Nueva York de alambres y de muerte.2

Por donde anduvo Mr. Trump anduvo Mr. Johnson,
¡Ay, Boris! ¡Ay, Boris! De tu vertical retrato
cae la máscara de tu cinismo.
“A morir” recomendaste.
A la madre, al hijo, al nieto, a la recién nacida.
En un santiamén de dientes y sonrisas
llamaste a morir a los demás para la grandeza del reino.
La inmunidad rebaño su contagio sirvió a la mesa
de los empobrecidos sus dosis oportunas de moribundos.
“A morir” recomendaste para la estabilidad
de la libra esterlina e invitaste a los burócratas
de todos los ministerios, desde el número 10 de Downing Street,
a prepara la desnuda tierra para los desnudos cuerpos.

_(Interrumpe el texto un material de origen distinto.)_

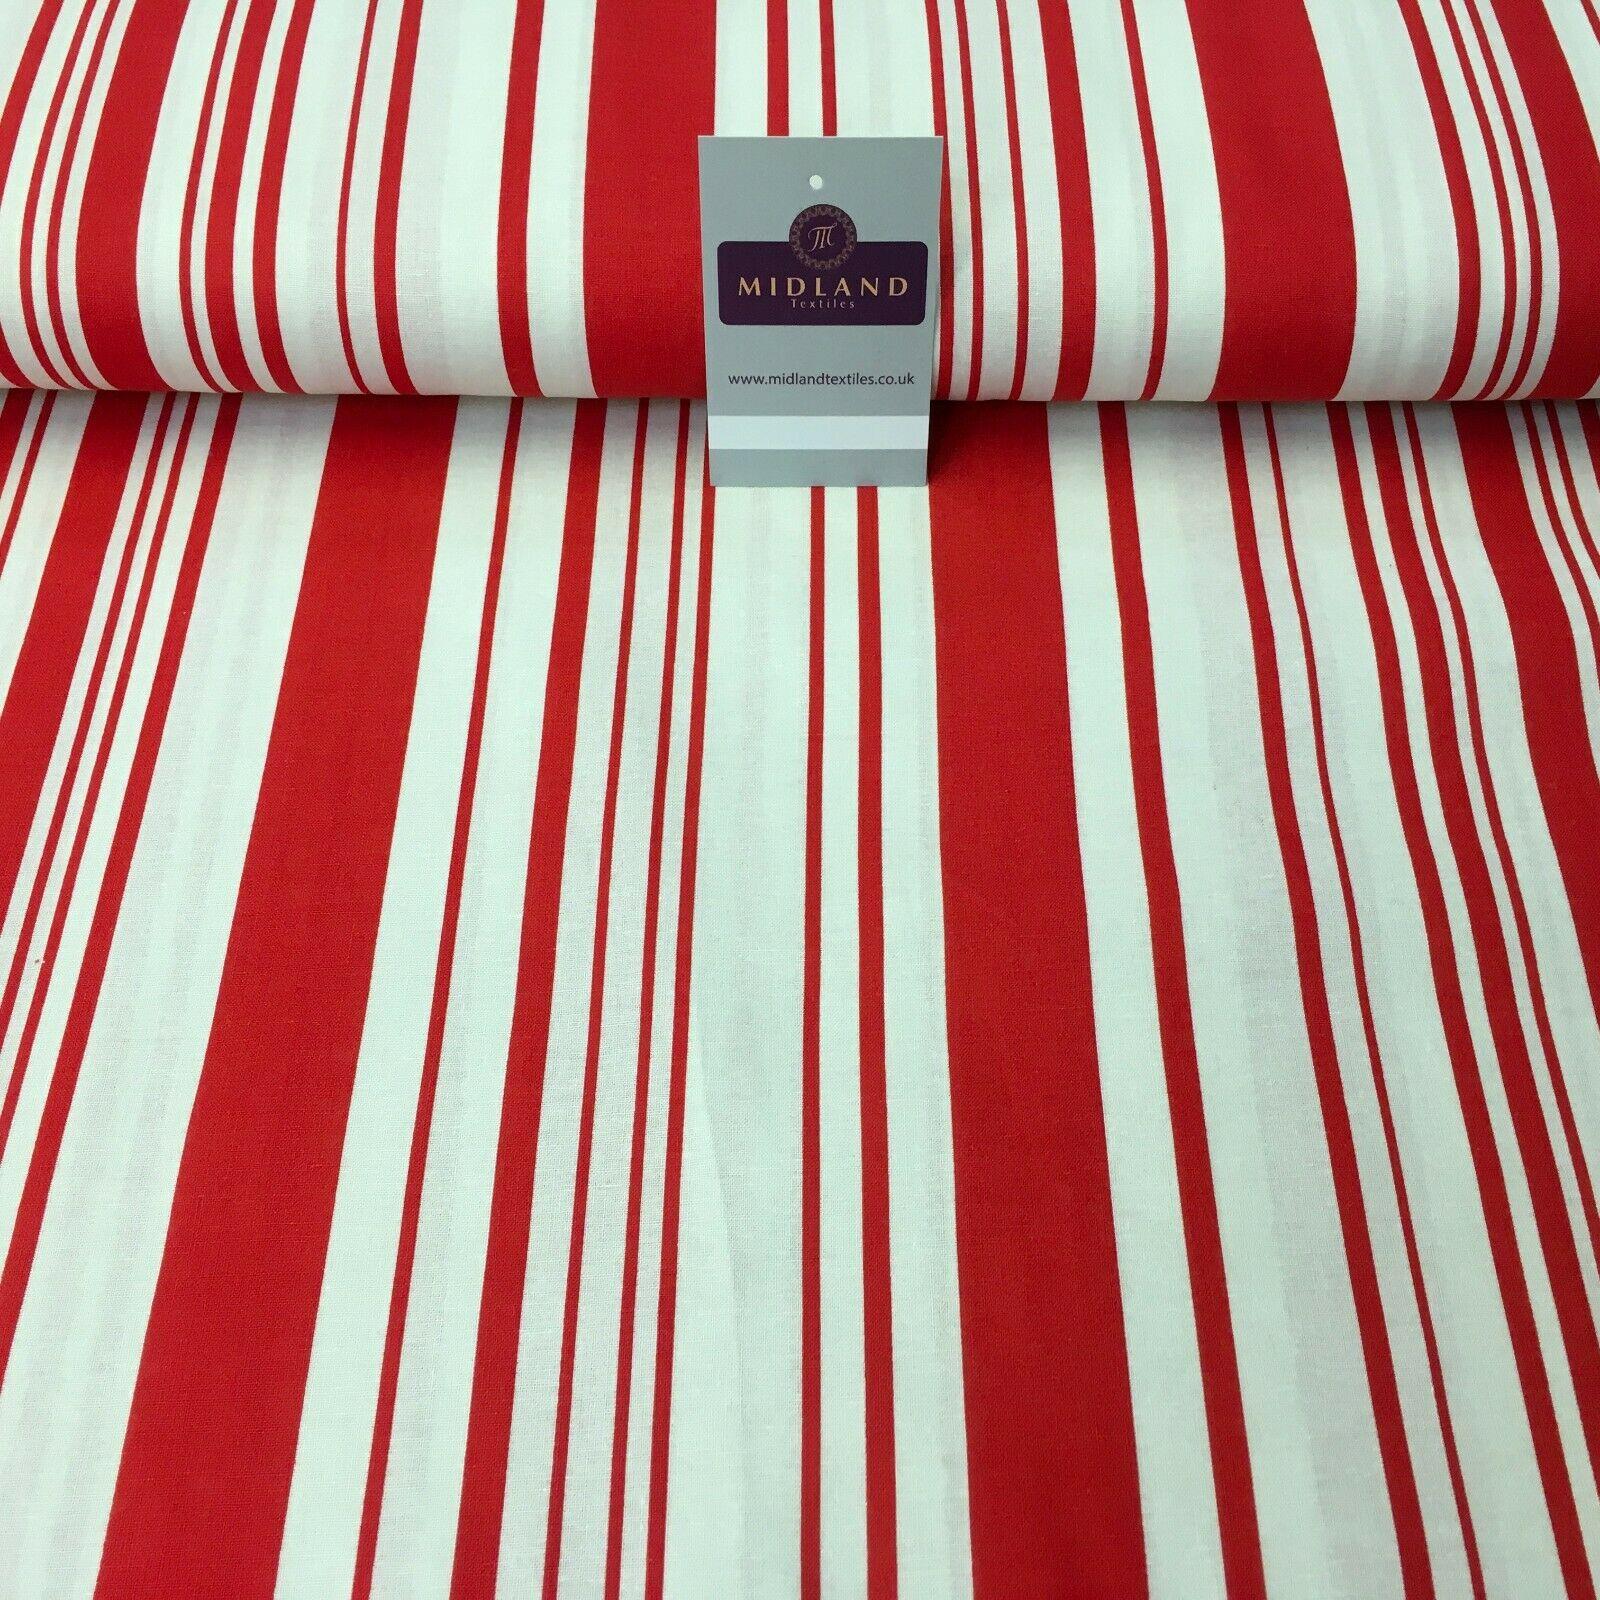 Red Striped Printed Cotton Linen Dress Fabric 150cm Wide MK1086-5

Y tras las sepulturas y los rezos, a renovar la fe
en la sagrada ley capitalista de la oferta y la demanda.
La niebla, el mar, el vaho de alcohol, la lámpara, la espada,
todo se disolvió en tu patética hipocresía de rebaño.
Ahora, del aquelarre de las viejas ratas,
resurge la antigua peste londinense. En la superficie
de los odios, de los rencores amargos de los muertos seguros,
saliste del abismo para llorar un tiempo de abstinencia.

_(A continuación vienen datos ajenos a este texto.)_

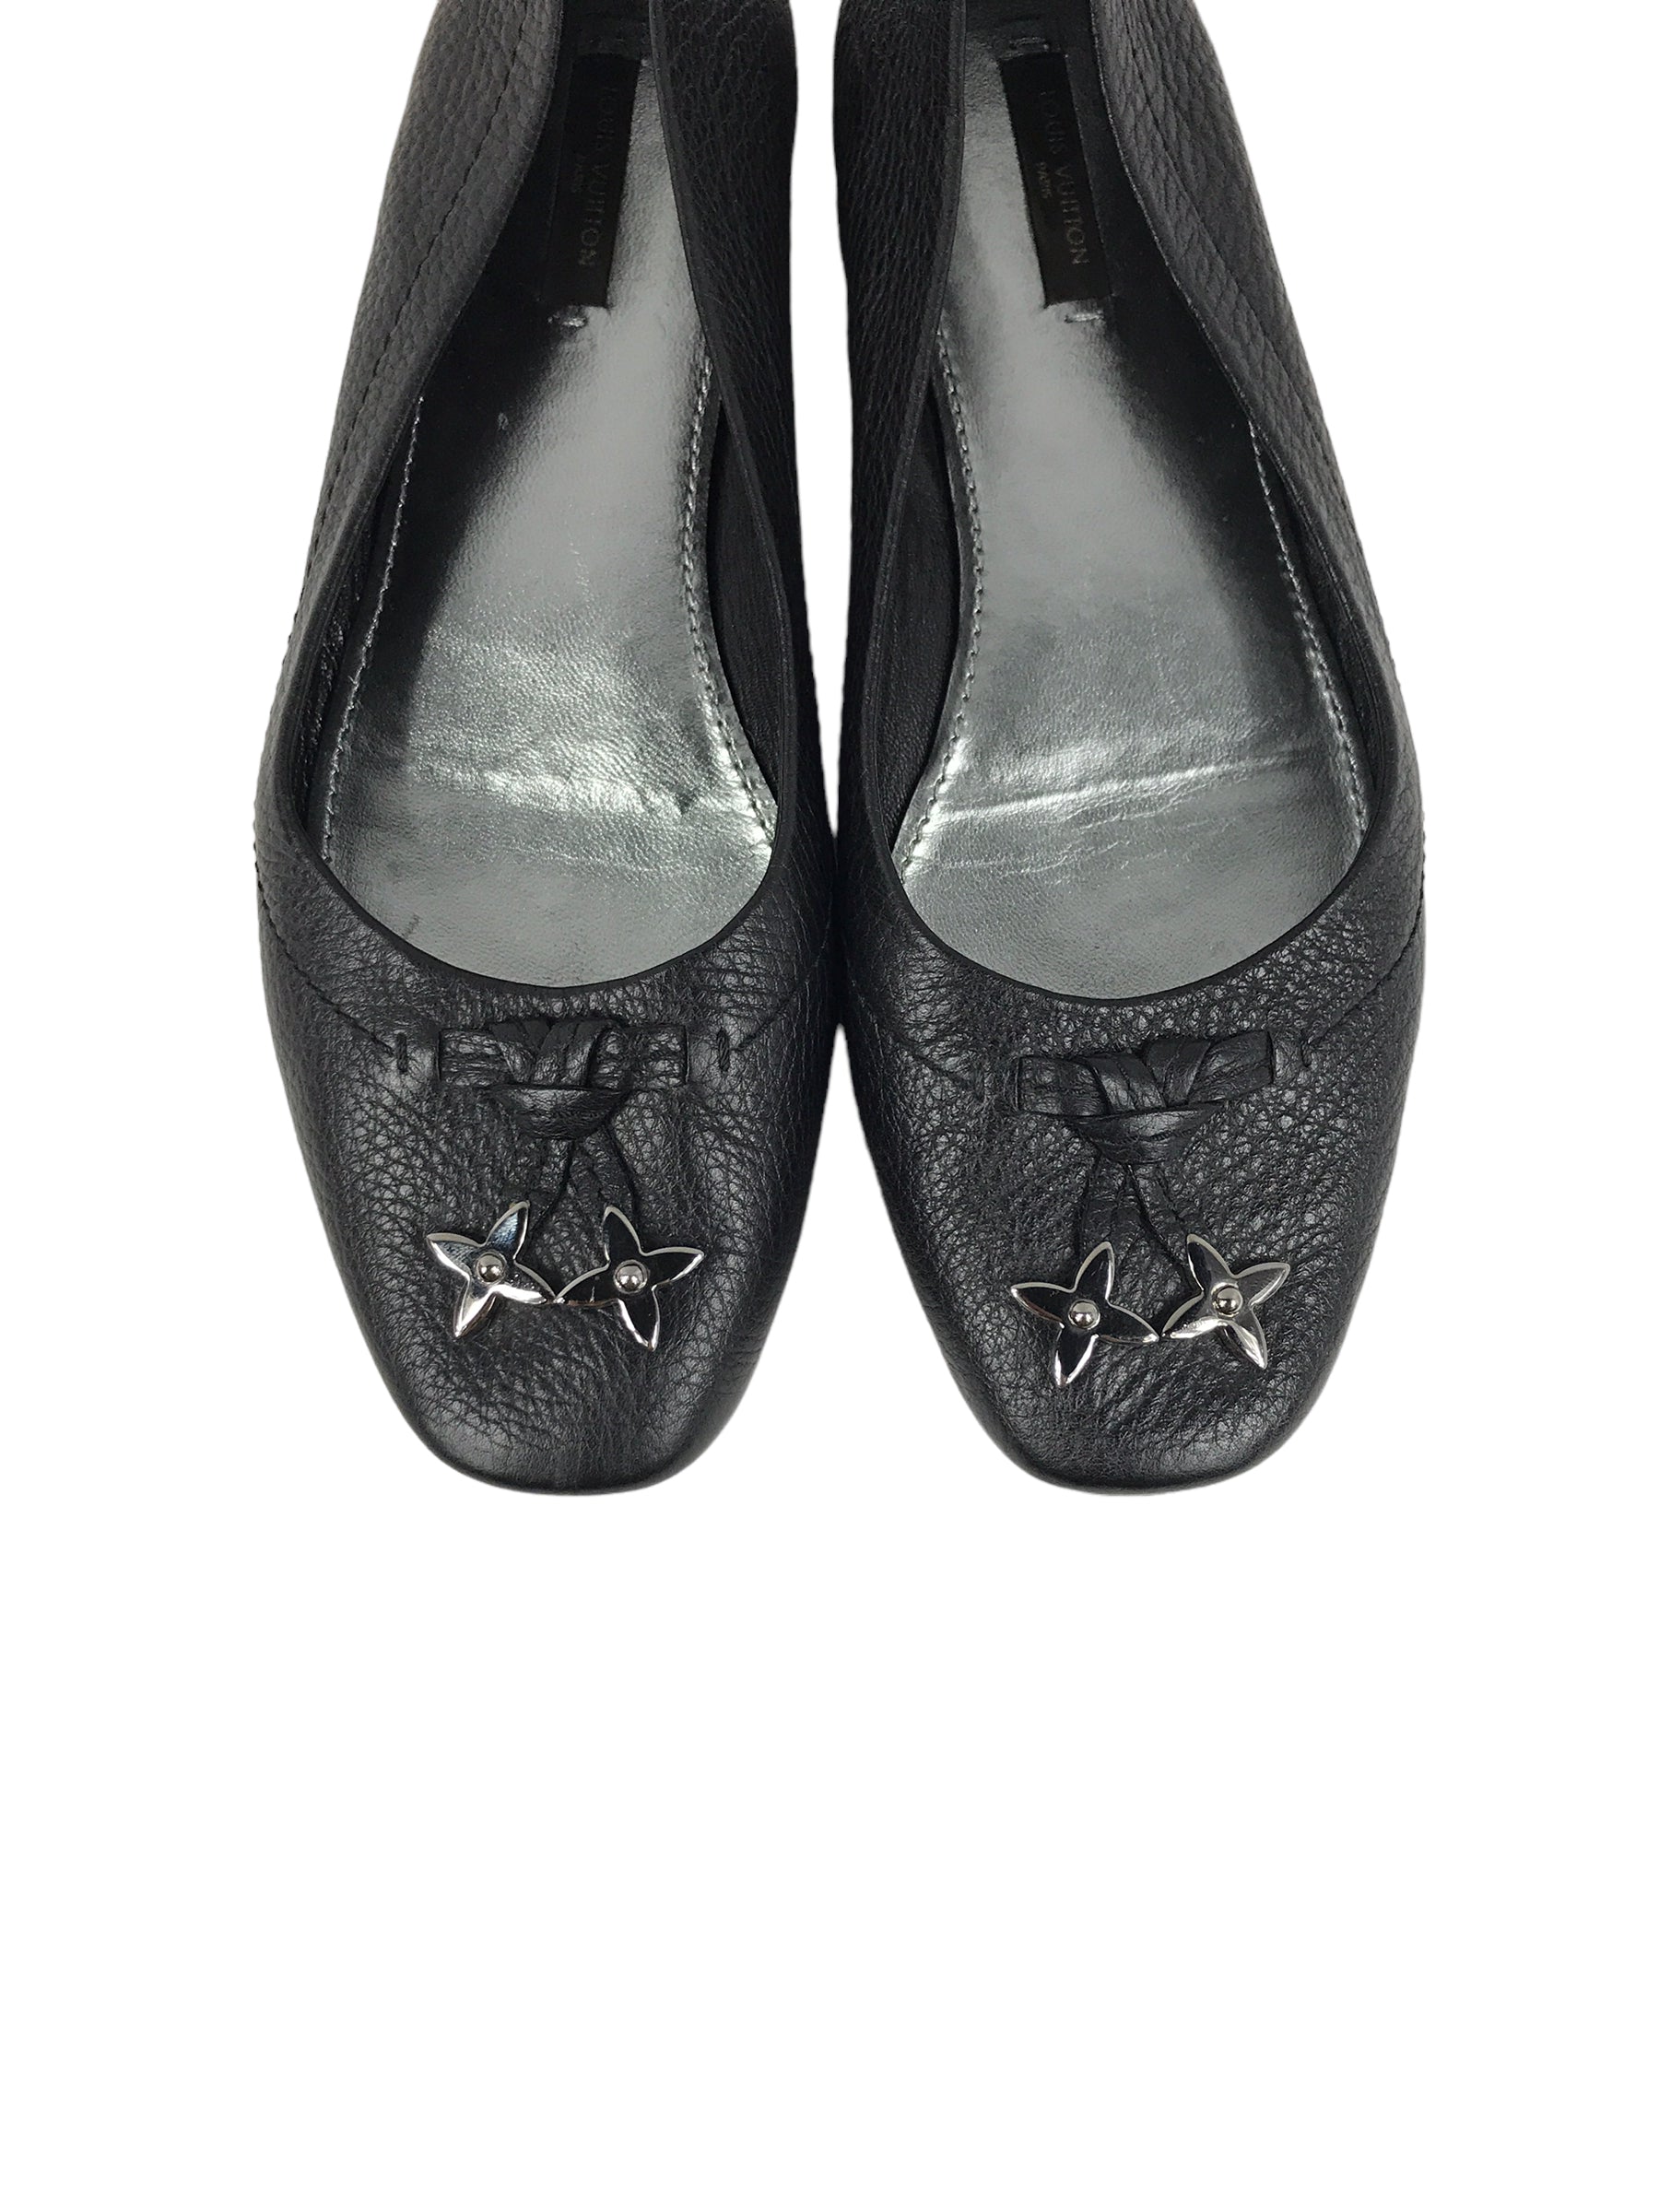 Black Grained Calfskin Leather Ballet Flats W/Floral Charms W/SHW

Pero no serás Boris como Shakespeare,
no nos entregarás la duda de Hamlet, ni los celos de Otelo,
ni la locura de Lear o la ceguera de Gloucester,
tampoco a Macbeth ante el mortificado espectro de Banquo.
Serás la pantomima del bufón del reino, libra por libra,
trozo a trozo de tu propia carne, derramando la sangre,
la gruesa sangre que empapa las riberas del Támesis
mientras la reina madre toca la gaita a todos los difuntos.
¡Boris! ¡Boris!

¿E você, Sr. Bolsonaro? ¿Vocé que zomba de todos os pobres?

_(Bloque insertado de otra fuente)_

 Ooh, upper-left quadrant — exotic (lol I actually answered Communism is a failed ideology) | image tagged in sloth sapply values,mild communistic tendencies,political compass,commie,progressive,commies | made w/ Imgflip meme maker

Los jinetes del Apocalipsis cabalgan en Ipanema
e você disfruta el estropicio. Ríe, ríe. La convulsión se presenta
en la inasible condición de un virus que ha venido a erigirse
en infección planetaria, que extiende su Mano Negra
por el mundo y luce la grotesca máscara de Sarajevo,
e você, ríe, ríe, a pesar del dolor, de tanta lágrima
que rueda en las favelas que ruedan de miseria en miseria
desde ahora y entonces, donde el hambre es también peste
y encadena a hombres y mujeres, a hermanos
tal esclavos que dejaban los pellejos en los extremos afilados
de los látigos de los ricos hacendados. ¿E você, Sr. Bolsonaro?
Quantos morrerão para deixar a careta, a zombaria vertical,
a característica boba de quem ri da morte do outro?3

Estamos aquí, aquí, donde tantos martirios
desde entonces y ahora. Está escrito en las piedras,
en los maderos de los crucificados, en ulceraciones de las pieles
de los azotados por días, por semanas, por meses, por años.
Hambre. Hambre. En la cabeza, en el estómago,
hambre de pan, de agua bendita, de leche pura de mañana
y de arroces y dulces momentos y también de palabras
a la hora del sueño o del amor deseado.
Estamos aquí de tantos martirios y nos llegó entre barros
esta coronación del Cristo que a cada cual ofrece su genocidio,
su cápsula de exterminio en el maridaje oscuro de la la sangre y la flema,
en la azarosa madrugada cuando abisman las noches más oscuras,
mientras el siempre verdugo de la sonrisa cruel
se divierte con su serpiente de cálidas pupilas rojas
y nos hace cavar la fosa cada vez más profunda, más profunda.

Al fondo de todo, donde la noche hurga las barbas de la tierra,
se abraza el hombre al hombre, el hermano al hermano,
y siente el mismo hambre y el mismo dolor aquí y allá,
donde la pira encendida de los muertos ilumina iridiscente
la larga noche de la prehistoria humana. Celebremos.
El hombre es el hombre y amanece de nuevo.
Démosle la bienvenida al viejo topo que sabe cavar la tierra,
démosle la bienvenida al viejo topo, al digno zapador de la historia,
es el futuro que se nos ofrece a manos llenas y nos invita.
¡Es todo lo que tenemos que hacer! ¡Bienvenido viejo topo!
¡Cava! ¡Cava! Esta será nuestra profética trinchera.